The fishermen, meanwhile, are Druid priests at winter solstice, a mystical and holy time at Stonehenge. It's important that Jeffers doesn't hate humanity--his distaste for homo sapiens is tempered by his pity; he sounds like the Christ of "Father, forgive them, for they know not what they do." This sacrifice of the salmon may or may not be necessary, but it allows the fishermen to lose their humanity (a good thing here) and to become "primeval," like the rest of the scene.

After all, Jeffers was not, as far as I can tell, a vegetarian. Humans have to eat, and if the anglers weren't standing in the stream pulling the salmon out of it, brown bears would almost certainly be there in their place--and no one blames them. My first reading of "Salmon Fishing" demonized the fishermen, cruelly pulling innocent fish out of their homes, but Jeffers' language suggests I was wrong; he says that they are
Dark silent forms, performing
Remote solemnities in the red shallows
Of the river's mouth at the year's turn,
Drawing landward their live bullion, the bloody mouths
And scales full of the sunset. (ll. 10-14)
There's something sinister about the fishermen, perhaps, and Jeffers certainly does not make the mistake supermarket city boys like me make--that of divorcing the dead fish from the live one--but these fishermen are not wicked, and the death of the fish, made holy by the sunset in their gills, allows humanity to continue to live on.

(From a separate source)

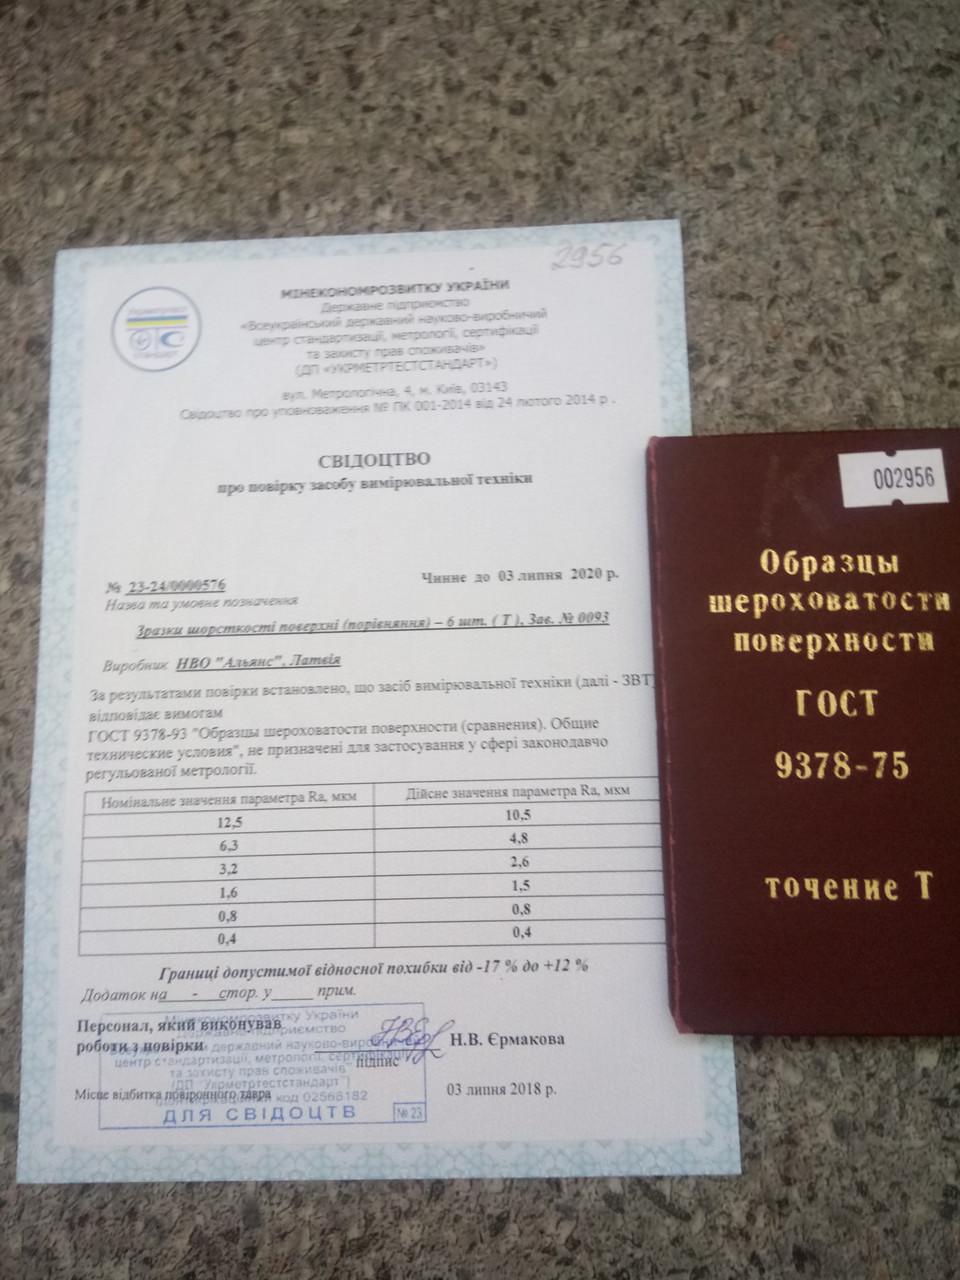 Образцы шероховатости, точение , ГОСТ 9378-75,возможна калибровка в УкрЦСМ

I say that Jeffers makes himself into one of the fish because of his ability to see their future; they "Twitch on the rocks, no more to wander at will / The wild Pacific pasture nor wanton and spawning / Race up into fresh water" (ll. 15-17). The narrative voice, tied to nature at the opening of the poem, dies on the same hook as the fish he describes.

Jeffers' poetry trafficks in this ambiguity. We see it just as strongly in his poem "Haunted Country":
Here the human past is dim and feeble and alien to us
Our ghosts draw from the crowded future.
Fixed as the past how could it fail to drop weird shadows
And make strange murmurs about twilight? (ll. 1-4)
Jeffers appears to criticize the modern city-dweller for his lack of connection to the past--symbolized here by nature--which he must then fill with his dystopian expectations of the future. But the grammar's out of joint here. There's no punctuation mark between the first and second lines, which means that we're missing either a period there (making the first two lines distinct) or the words the and that (as in "alien to the us / That our ghosts draw"). The split is significant, the difference between a monolithic cultural identity and one that dissociates when faced with problems.

Likewise, "Fixed as the past" has no mechanical markers, and the clause could mean at least two things: (a) The past and the future are equally dependent (or equally static); and (b) The future is a square peg that modern man attempts to "fix as the past," that is, to shove into a round hole. This ambiguity, however, subverts Jeffers' presumed point. It becomes clear that it is not clear that modern man has no connection to the past or that that is a bad thing. Holding onto the future, Jeffers may suggest, is as dependable as holding onto the past. We may be faced with another set of salmon fishers here, people who we assume Jeffers dislikes while he actually admires them.

This ambiguity allows Jeffers to transcend the didactic and transitory nature of most environmentalist writers--he seems to hear every point of view and to treat them all equally. His conclusions are perhaps not conclusions at all, but further questions. He is, in other words, a first-rate Modernist poet, up there with Eliot and Frost and whoever else you include at the top.